Многие жители деревни ушли с партизанами или подались в другие деревни, к родственникам. Оставшиеся жители, по приказу немцев, не имели права покинуть деревню, хотя им и обещали по окончании строительства дать разрешение на выезд в другую местность.
К вечеру похолодало, и ребята улеглись спать не раздеваясь. Утром они были разбужены злобными окриками немецких солдат, охранявших палатки:
- Ауфштейн! Ауфтреттен! / Вставать! Выходить!/
Наскоро ополоснувшись в реке, ребята собрались у конторы. Получив на кухне кофе и по кусочку маргарина, здесь же позавтракали. Через полчаса, под охраной в сопровождении фельдфебеля отправились на работу. По дороге ребята видели группу военнопленных, которые, зажав в ногах крупные камни, тяжелыми кувалдами дробили его на щебень. Другие на носилках разносили щебень и высыпали его на проезжую часть дороги. Затем деревянными чурбанами утрамбовывали щебень. Работа продвигалась медленно. Пройдя километров пять по дороге, ребят привели к лесу. Фельдфебель объявил, что их задача заключается в том, чтобы от главной, щебеночной дороги, проложить дорогу в лес. На расстоянии одного километра дорогу следовало выложить бревнами. Для этой цели нужно заготовить тонкомерный материал. Здесь работает грейдер, который будет выравнивать земляное покрытие, инструмент привезут на автомашине.
Действительно, вскоре с дороги свернула автомашина и подъехала к ним. Из нее вышли солдаты и приказали разбирать инструменты: лопаты, ломы, пилы, топоры, несколько мотков проволоки.
Начало работы не предвещало ничего хорошего. Было видно, что за месяц, или как говорили перед отправкой, за четыре недели, с такой работой не справиться. Ребят разбили на группы, по три человека.
В тройку к Алексею попал Жора и тот парень, который поддержал Жору в вагоне своей домашней лепешкой. Его звали Василий. Василий и Жора спиливали отмеченные немцами деревья, а Алексей обрубал топором сучья. В конце дня заготовленные за день лесины на плечах подносили к дороге.

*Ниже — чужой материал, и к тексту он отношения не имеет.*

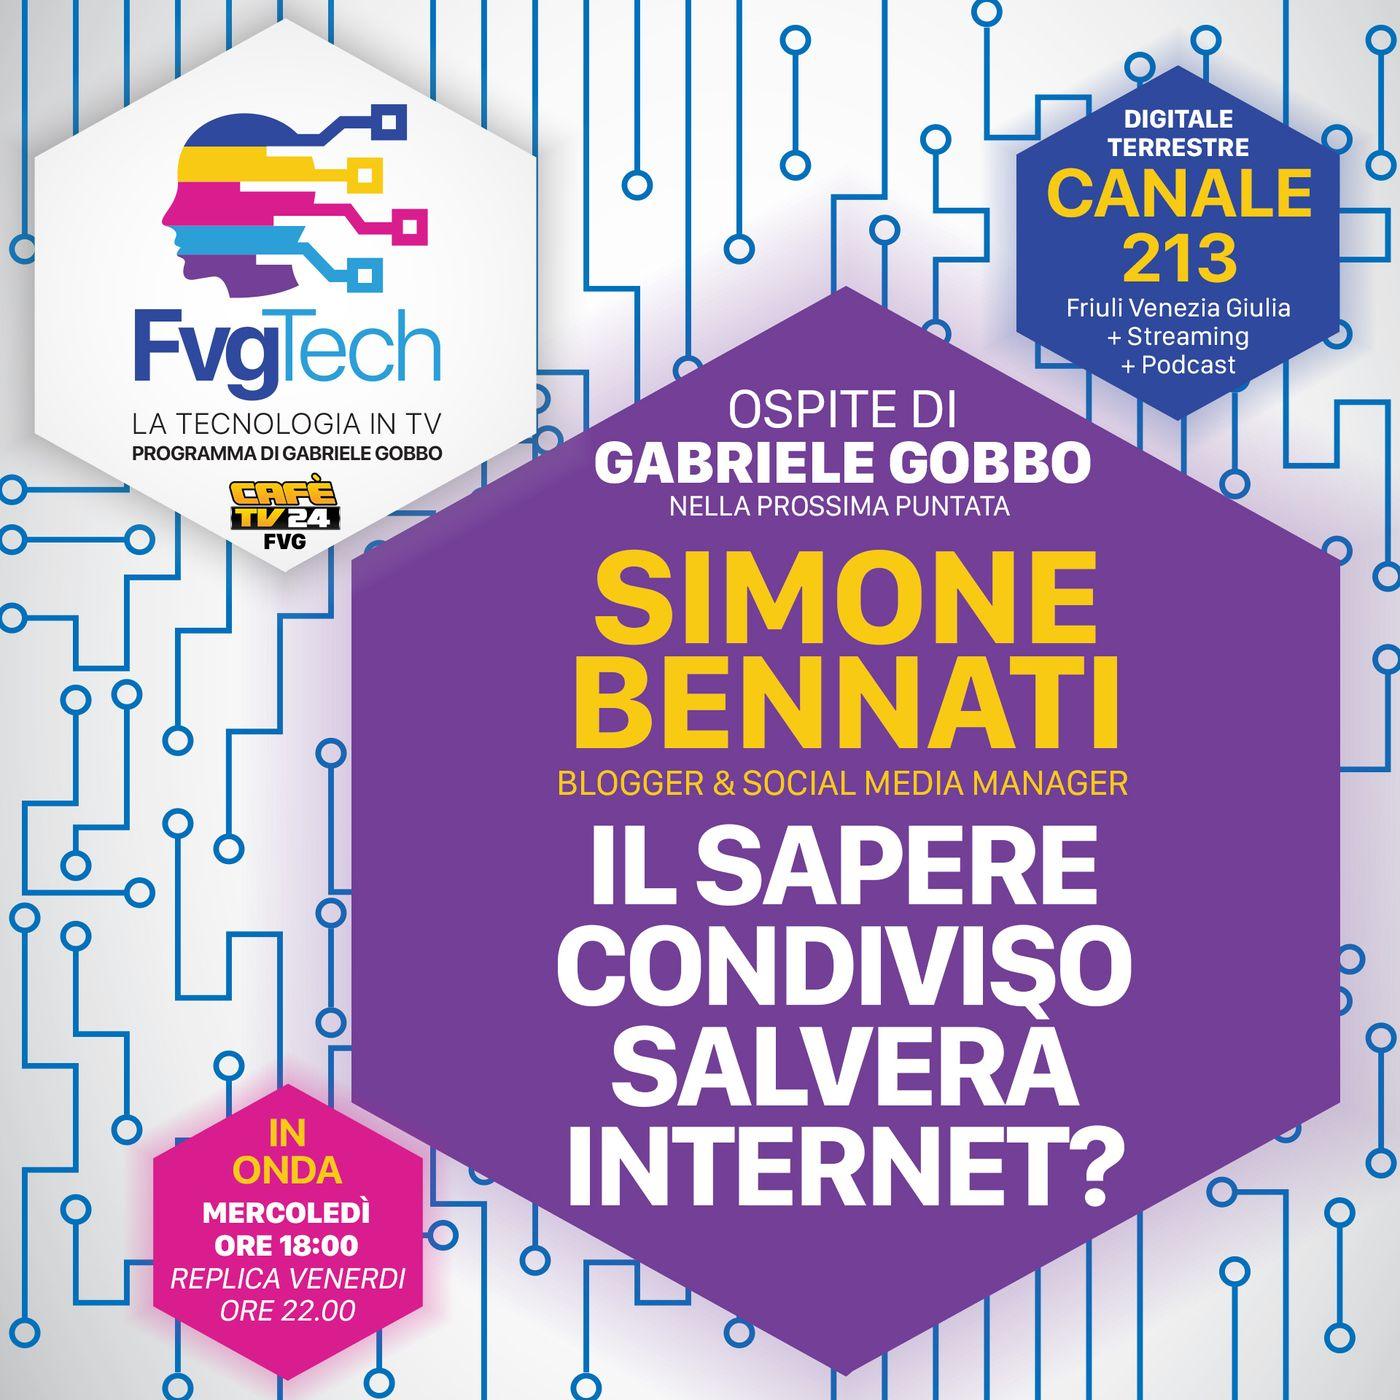 54 - Il sapere condiviso salverà internet? Ospite Simone Bennati

Пока грейдер крушил кусты и кочки, ровняя землю, ребята занимались заготовкой бревен. За каждый час работы предоставляли десятиминутный перерыв, когда можно было отдохнуть и справить собственные нужды. Обеденного перерыва не было, работы продолжались до семнадцати часов. После работы их на автомашине привозили в деревню, где они получали обед и хлеб на следующие сутки.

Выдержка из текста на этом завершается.